Я лег на диван. Размышляя о прошлом, вернулся мыслями к тем мгновениям своей жизни, которые приснились накануне.
— Интересно, в каком году я оказался? По-моему в 78 или в 79. Точно, накануне Олимпиады, потому что видел плакаты о предстоящей Олимпиаде в Москве. Впрочем, их начали расклеивать задолго до этого. Если память мне не изменяет, Славка купил этот альбом, и потом продал большую часть марок, альбом оставил себе, и я у него обменял одну из серий из того альбома. Точно, это был 78 год. Я потом был в отпуске и съездил на пару недель в подмосковный пансионат, где познакомился с брюнеткой, которая потом полгода названивала.

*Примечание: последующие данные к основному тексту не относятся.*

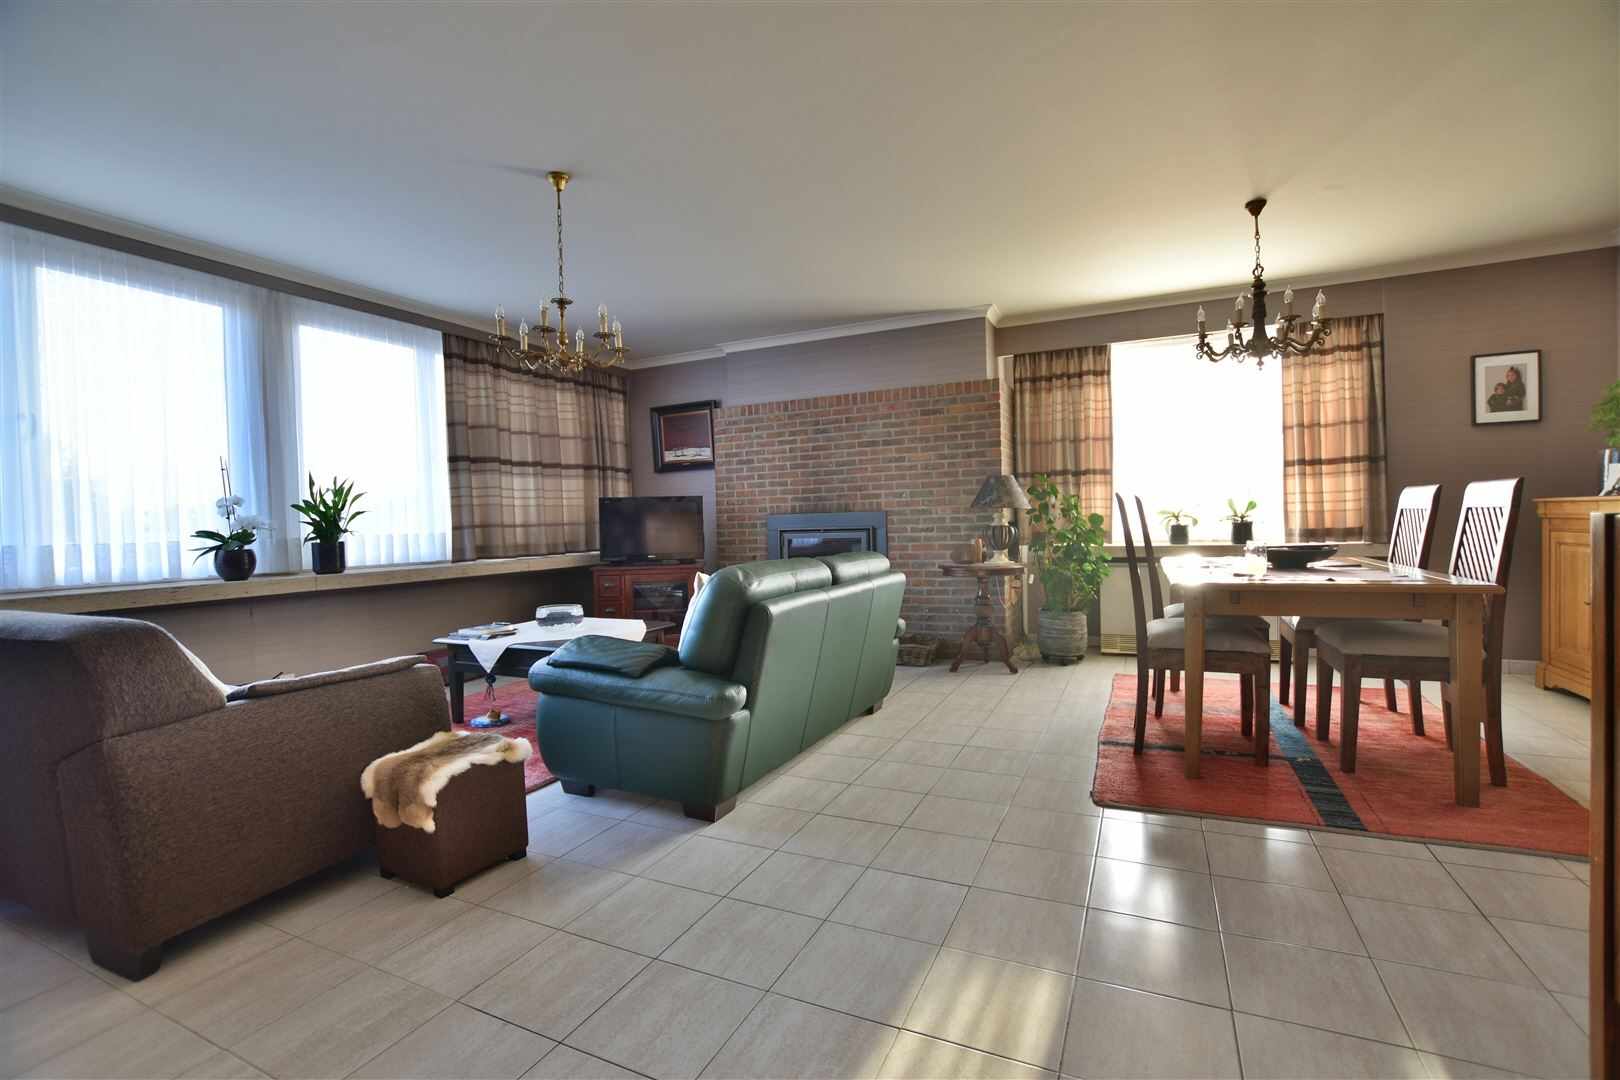 Foto 1 : Appartement te 9140 TEMSE (België) - Prijs € 299.000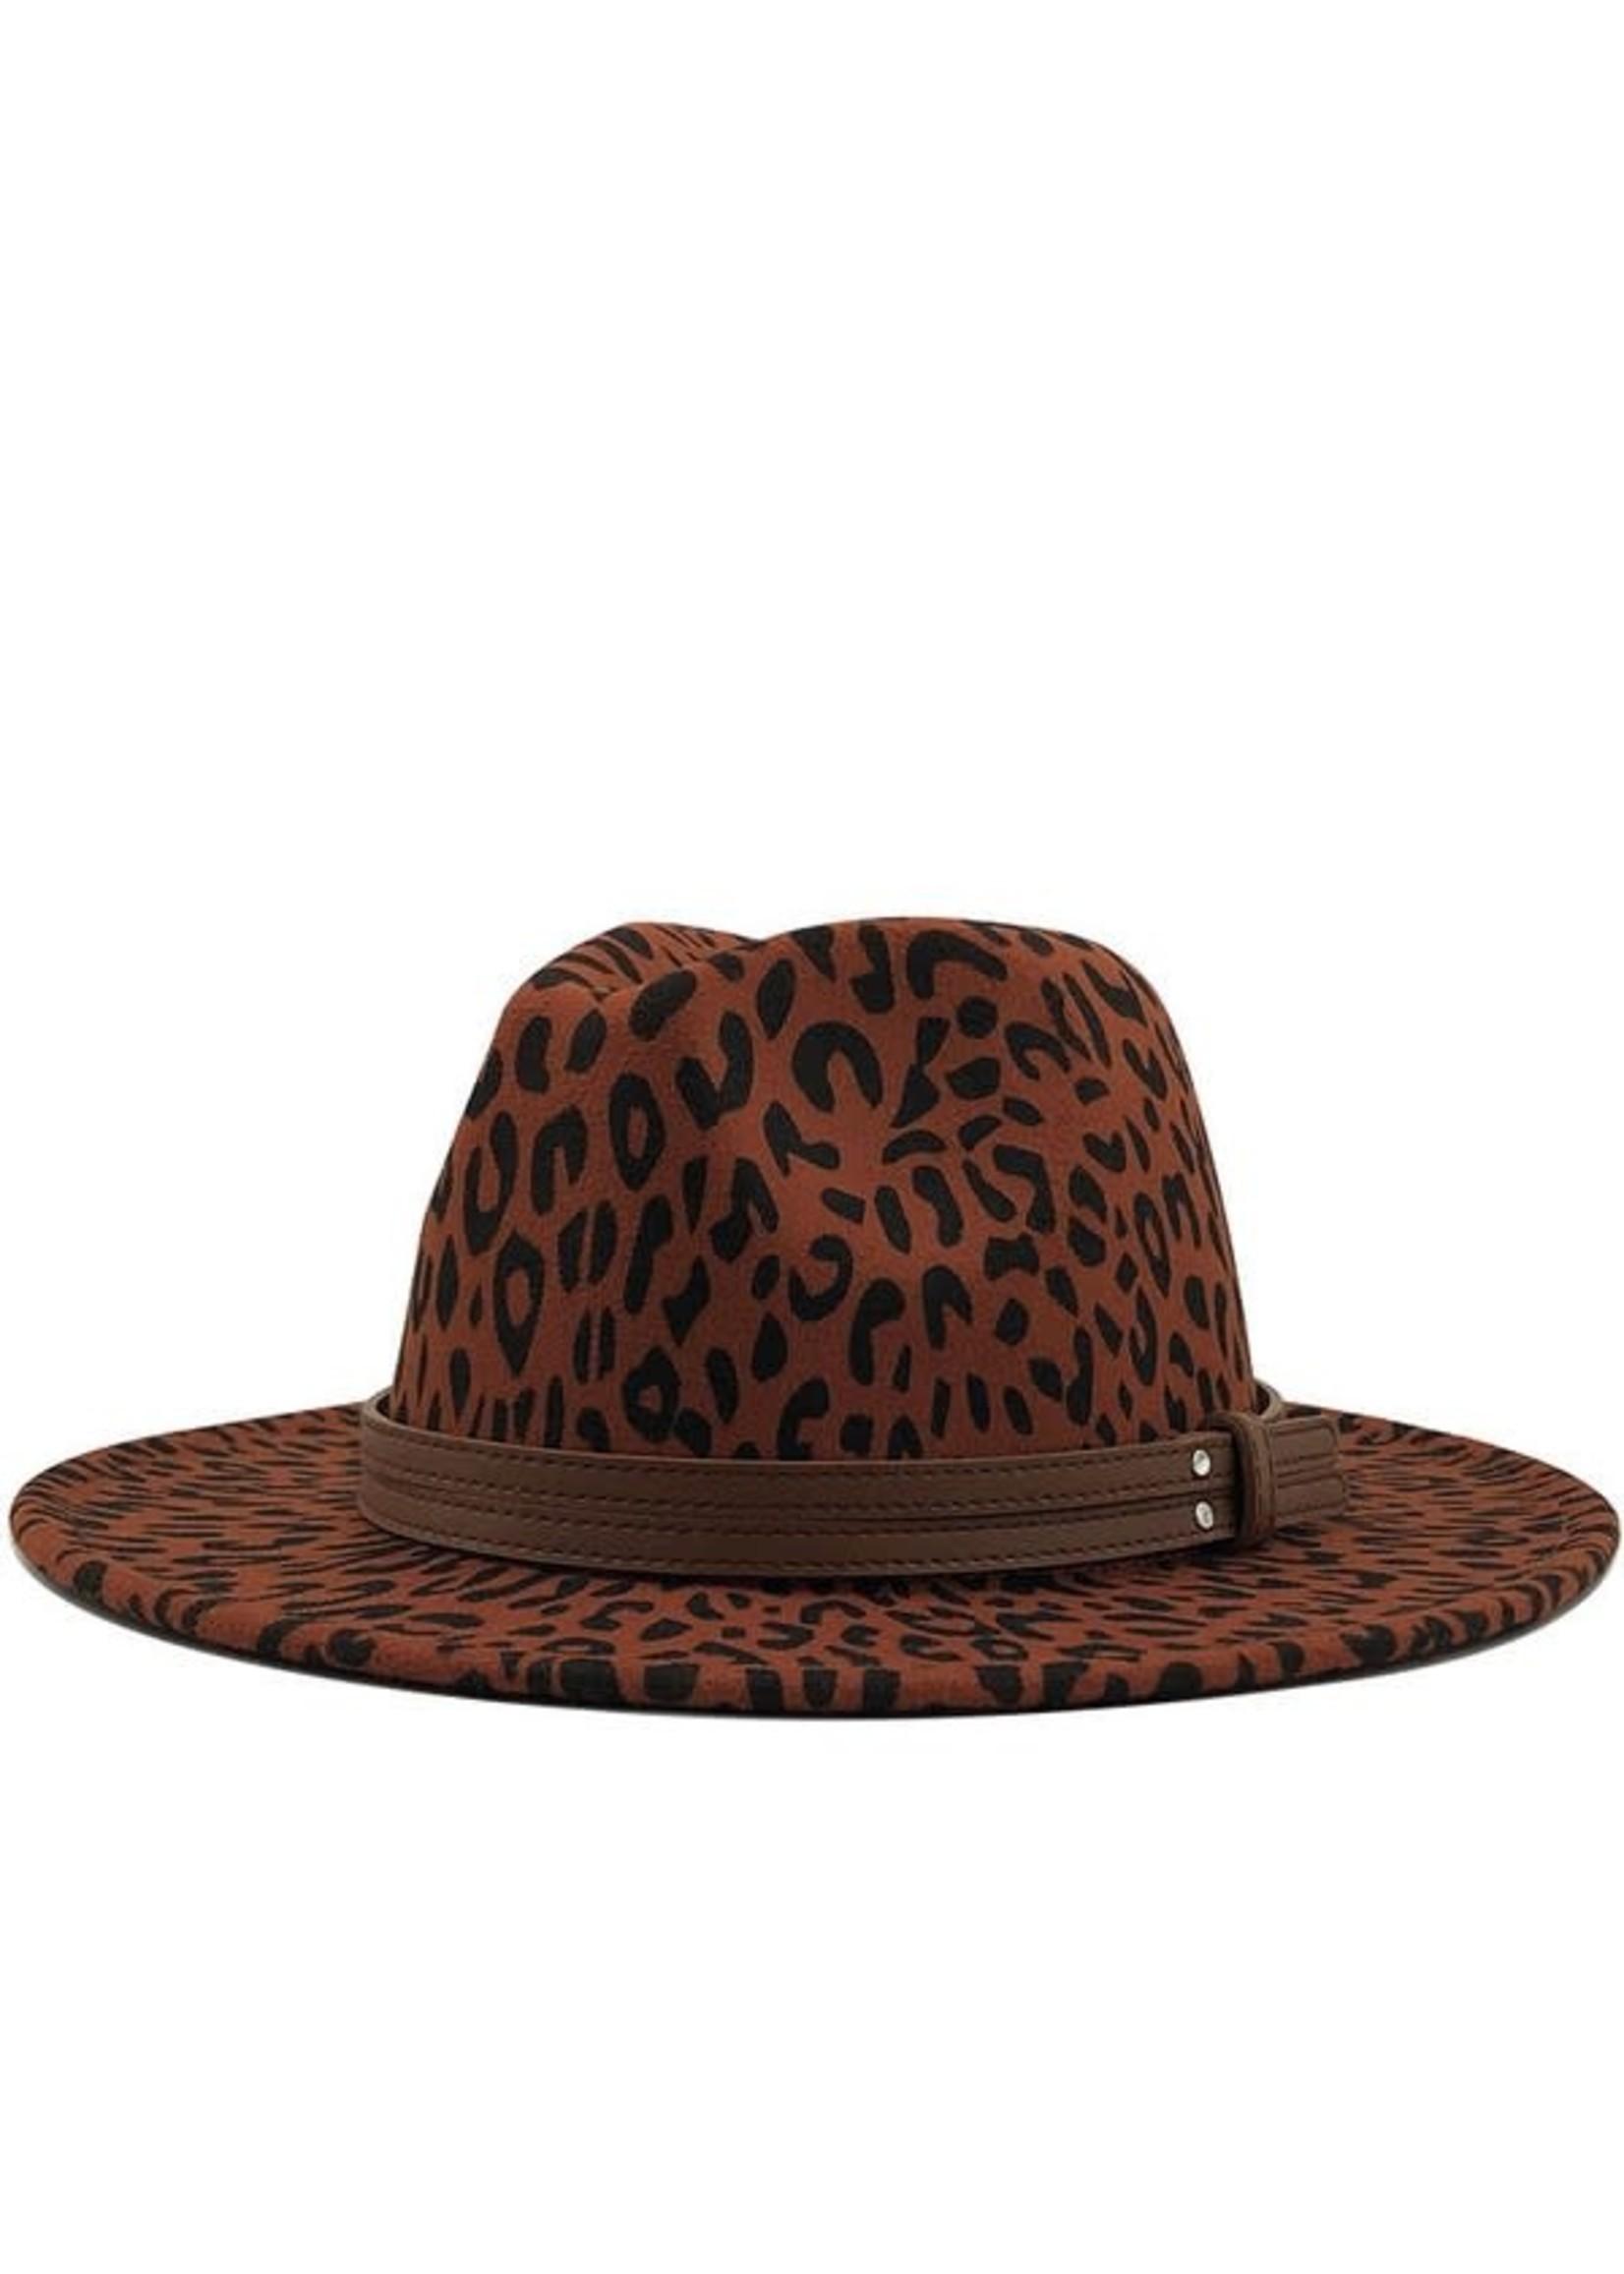 Leopard Stylish Panama Hat

Почему-то никак не мог вспомнить имени этой брюнетки, то ли Оля, то ли Валя. Их еще было две подружки-хохотушки, как я их образно прозвал. Они приехали в пансионат на два дня позже меня и поселились в соседнем номере. У нас была общая ванная с туалетом. Моим соседом, был угрюмый мужик лет сорока с подмосковного завода. Все две недели он квасил, и потому большую часть дня, либо спал в номере, либо в одиночестве гудел на природе, поскольку купить спиртное в пансионате было невозможно, и он отправлялся за ним в поселковый магазин. Я довольно быстро познакомился с девчатами, которые были моего возраста. Работали вместе на каком-то заводе в Москве. Брюнетка мне понравилась сразу и через пару дней, я уломал её переспать. Впрочем, это было не так сложно, если учесть, что хотя её подружка мне и не очень понравилась, с ней мы тоже перепихнулись. Так что отпуск прошел отлично и домой я возвратился в прекрасном расположении духа. Единственный осадок, который у меня остался, это звонки от Оли, точно, вспомнил, как её зовут Оля. Она все порывалась встретиться, но я не собирался продолжать знакомство, и потому каждый раз находил предлог и отказывался. В конце концов, она перестала звонить, видимо поняв, что надеяться на продолжение знакомства бесполезно. После отпуска я ездил несколько раз в командировки, сначала в Саратов, а потом в Минск. Они ничем не запомнились, разве тем, что в Саратов пришлось брать целый портфель с продуктами, которыми делился с соседом по гостиничному номеру. Он приехал, как и я в командировку на завод и мы с ним бухали каждый вечер, поскольку делать было совершенно нечего. Зато Минск оставил в памяти самые приятные воспоминания. Туда мы поехали бригадой из пяти человек, и среди нас была Люба, из соседнего отдела, на которую я тогда заглядывался. Она была на два или три года старше меня и замужем. Короче командировка удалась сама по себе, поскольку её результатом явилась очередная премия на работе, а главное, что мне удалось взять еще одну женскую крепость и затащить Любу в постель. Для этого пришлось приложить немало сил, но когда это все же удалось, моё мужское самолюбие было удовлетворено, и как это часто бывает, я быстро разглядел все её недостатки, после чего мой пыл к ней угас и я переключился на другой объект женского пола в нашем коллективе.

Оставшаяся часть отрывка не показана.